*** Records supplied ***

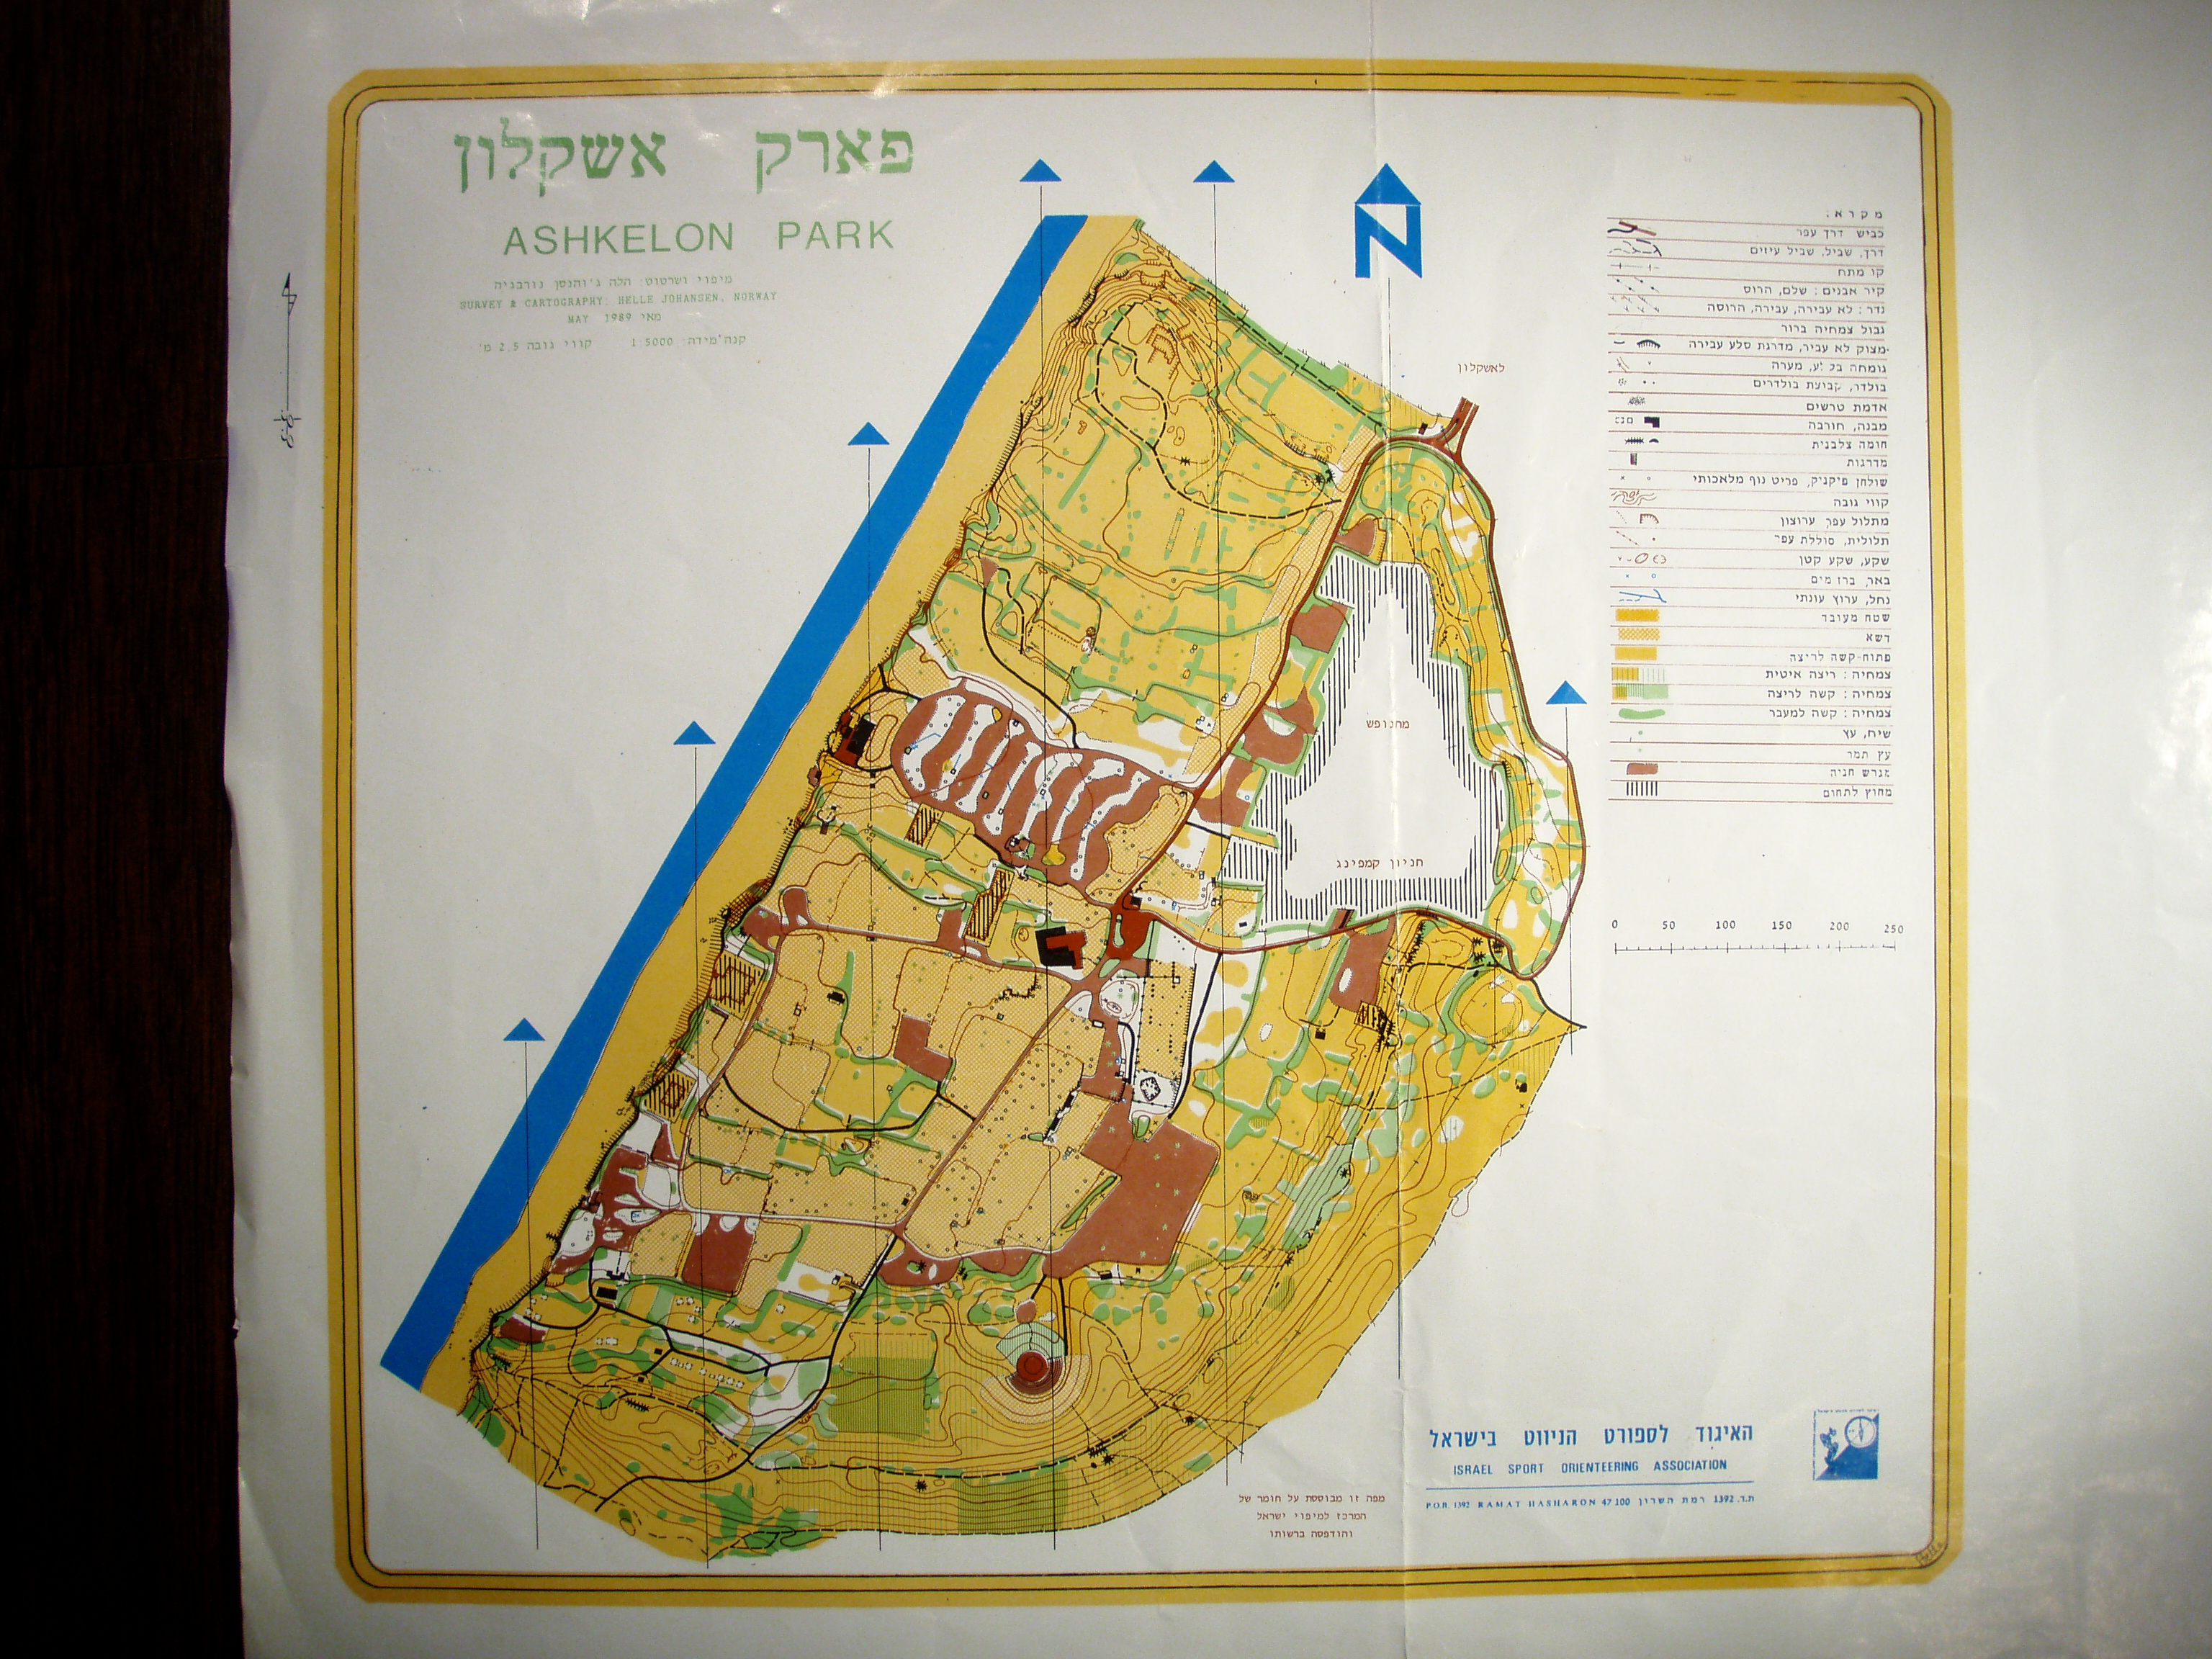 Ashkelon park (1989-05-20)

*** End of Records supplied ***
*** Records supplied ***

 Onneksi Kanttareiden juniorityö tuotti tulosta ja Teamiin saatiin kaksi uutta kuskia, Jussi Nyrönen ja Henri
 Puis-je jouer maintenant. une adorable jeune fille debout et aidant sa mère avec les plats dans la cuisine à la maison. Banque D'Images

*** End of Records supplied ***

> [What is expected]:
Transcribe each line of the data above, unaltered, from the one where "Onneksi Kanttareiden juniorityö" appears to the one where "Puis-je jouer maintenant." appears, inclusive of both.

> [Result of this exercise]:
 Onneksi Kanttareiden juniorityö tuotti tulosta ja Teamiin saatiin kaksi uutta kuskia, Jussi Nyrönen ja Henri
 Puis-je jouer maintenant. une adorable jeune fille debout et aidant sa mère avec les plats dans la cuisine à la maison. Banque D'Images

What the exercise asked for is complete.